Kubernetes Operators: Custom Kubernetes Controller Guide

Picture this: your StatefulSet starts clean. Probes pass. Logs look fine. And then, somewhere in that fifteen-second window between "Running" and "Ready," your app tries to connect to a database that's still mid-initialization.

Three hours go into it. Grep logs. Adjust probe timings. Restart pods in a different order and watch hopefully. Eventually the truth lands: Kubernetes had zero knowledge that these two services had an ordering relationship at all. It was behaving perfectly. Scheduling containers. Restarting failures. Updating status. The rule that said don't serve traffic until the migration finishes lived in a Slack thread from eight months ago. Not anywhere near the cluster.

That's the problem Operators were built for. And once you've hit it once, you don't want to hit it again.

What an Operator Actually Is
Setting Up the Tools
Building a Real Operator, Step by Step
Applying Your First Custom Resource
Why This Pattern Actually Matters

What an Operator Actually Is (Not the Definition, the Reality)

Most people hear "Kubernetes Operator" and reach for the wrong analogy. It's not a plugin. Not middleware. Not a special cluster mode you toggle on.

Here's what it is: a Go program, running as an ordinary pod inside your cluster, watching the API server and taking action whenever something you care about changes. You define what "something you care about" means and what action makes sense. Kubernetes just runs the loop.

Two components make it work.

Custom Resource Definitions give you new vocabulary. You're not extending Kubernetes so much as teaching it a new noun. Call it MyApp, PostgresCluster, KafkaTopic, whatever fits your domain. From Kubernetes' perspective, a CRD is just another API object with a spec and a status. To your program, it's a declaration of intent it can read and act on.

Custom controllers do the actual work. Watch for changes, compare what exists against what should exist, close the gap. Create, update, delete. The loop fires on all of them, plus on a configurable requeue interval even when nothing changed. Because things drift. Pods restart. Network partitions heal. A well-written controller stays honest about reality rather than trusting its last known state.

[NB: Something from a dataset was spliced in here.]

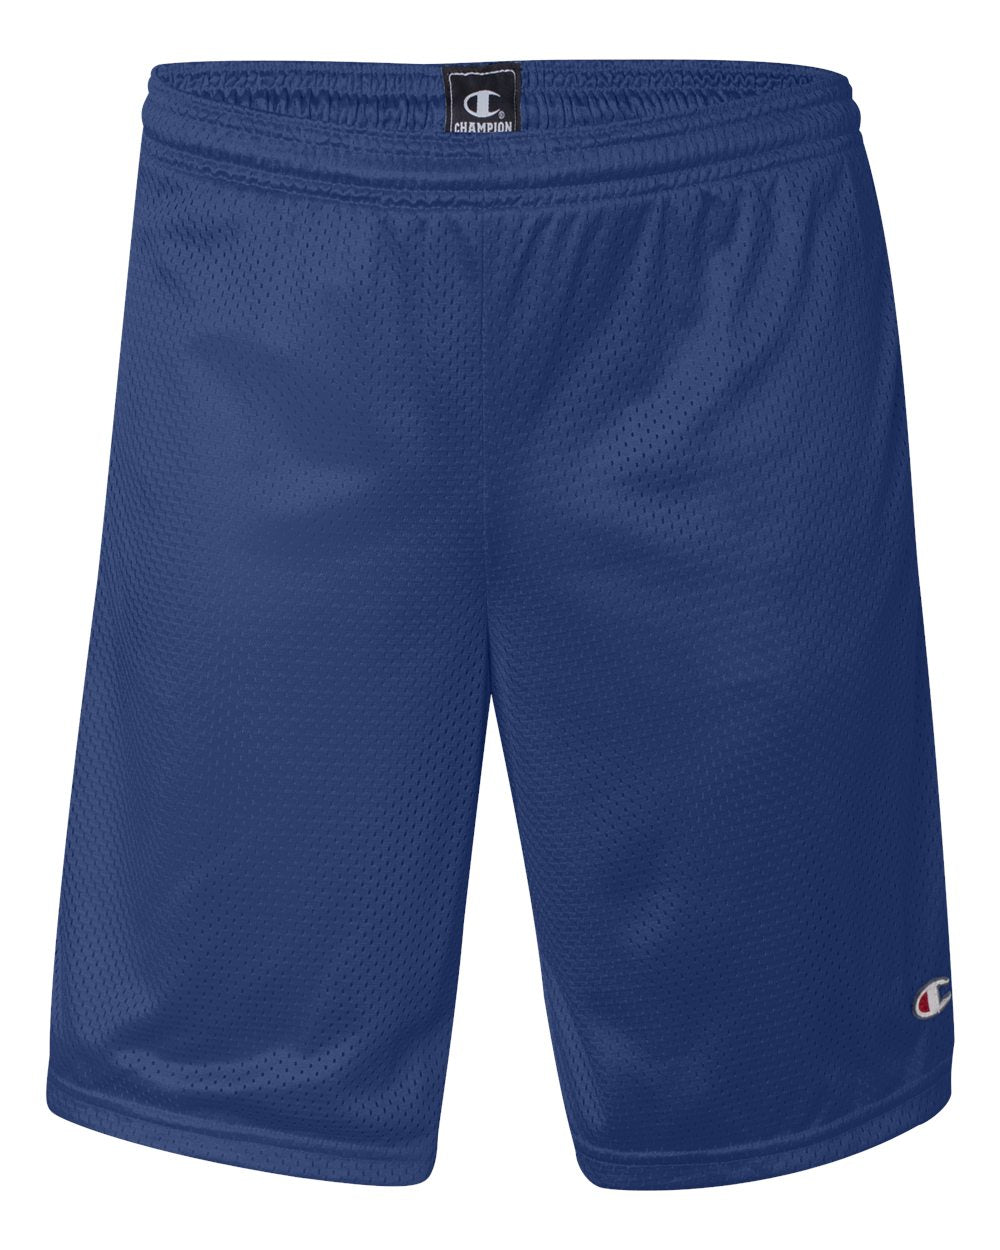 Polyester Mesh Shorts with Pockets - Champion S162
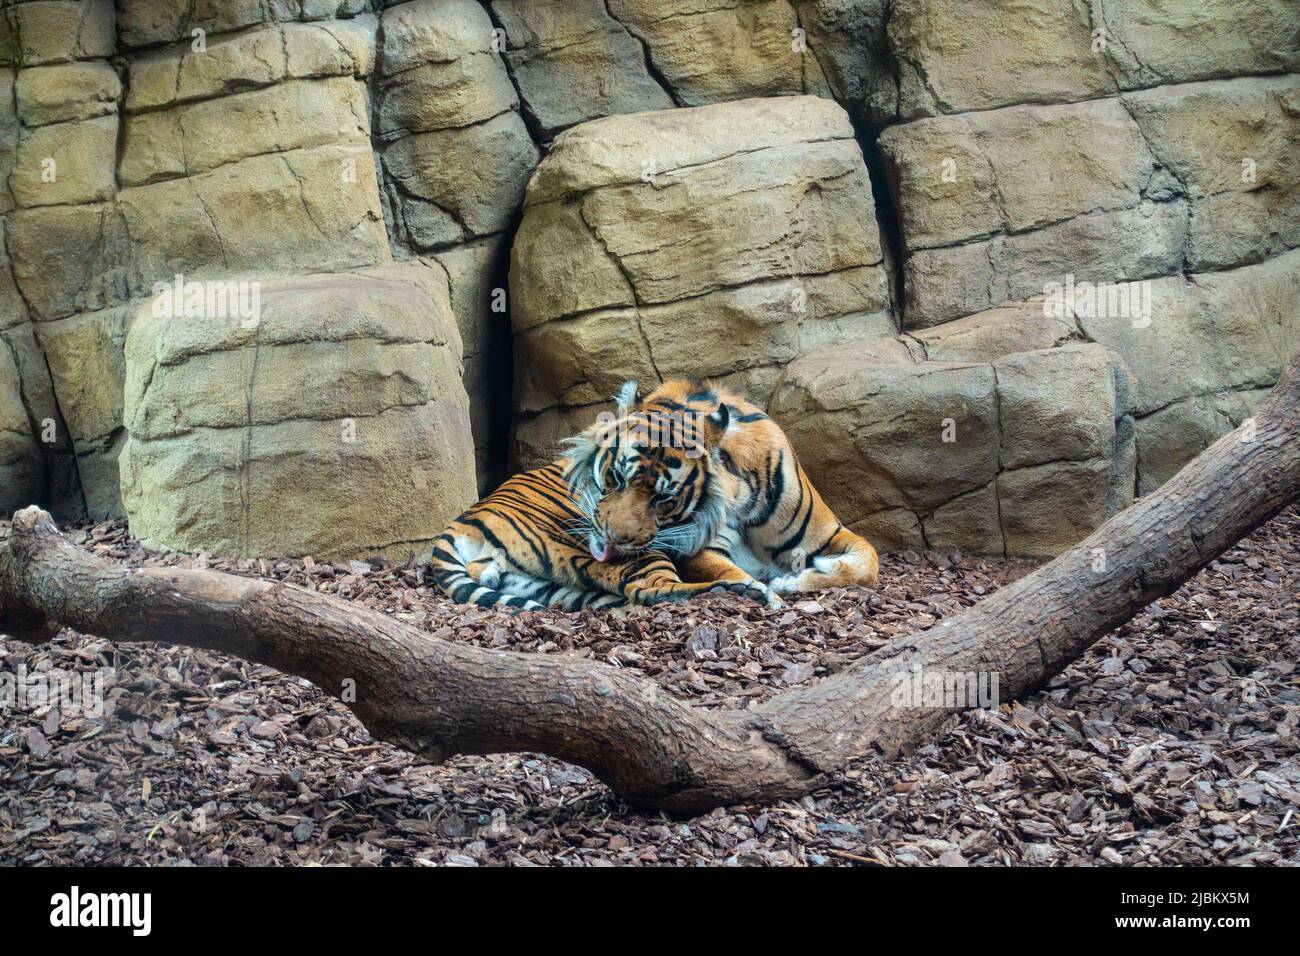 A tiger in its indoor enclosure at London Zoo. Stock Photo

One thing worth saying plainly: writing an Operator is real engineering work. A three-service app with no stateful components? Overkill. Full stop. For a database cluster you operate yourself, or a distributed queue, or any workload where the upgrade path has ordering constraints humans keep getting wrong at 2am. That's where this pattern pays back the investment. Tribal knowledge encoded in wikis doesn't page you when it's needed. A running controller does.

Setting Up the Tools

Three things to install. Do them in order and you'll avoid dependency headaches.

# Install kubectl
curl -LO https://dl.k8s.io/release/$(curl -L -s https://dl.k8s.io/release/stable.txt)/bin/linux/amd64/kubectl
sudo install -o root -g root -m 0755 kubectl /usr/local/bin/kubectl

# Install minikube
curl -LO https://storage.googleapis.com/minikube/releases/latest/minikube-linux-amd64
sudo install minikube-linux-amd64 /usr/local/bin/minikube

# Install Operator SDK
curl -LO https://github.com/operator-framework/operator-sdk/releases/latest/download/operator-sdk_linux_amd64
sudo install operator-sdk_linux_amd64 /usr/local/bin/operator-sdk

minikube is fine for working through this. When you move to a real cluster, check RBAC before anything else. Your controller needs specific verbs on specific API groups, declared in marker annotations the SDK uses to generate a ClusterRole. Get those wrong and reconciliation silently stops. No obvious error. No crash. Nothing happening. You'll sit there wondering if the binary even started.

Quick sanity check: Run kubectl auth can-i list myapps --as=system:serviceaccount:default:myapp-operator after deploying. If it returns no, that's your problem right there.

Building a Real Operator, Step by Step

For this walkthrough, the custom resource is called MyApp. Simple web service, returns a welcome message. Small enough to hold in your head, structured enough to extend into something real.

Step 1: Initialize the Project

operator-sdk init --domain=mycompany.com --repo=github.com/mycompany/myapp-operator
cd myapp-operator

After this runs, you have a complete project structure: manager entrypoint, scheme registration, controller-runtime wiring. None of that is yours to write. Your job is the domain logic and the type definitions. The SDK owns the scaffolding.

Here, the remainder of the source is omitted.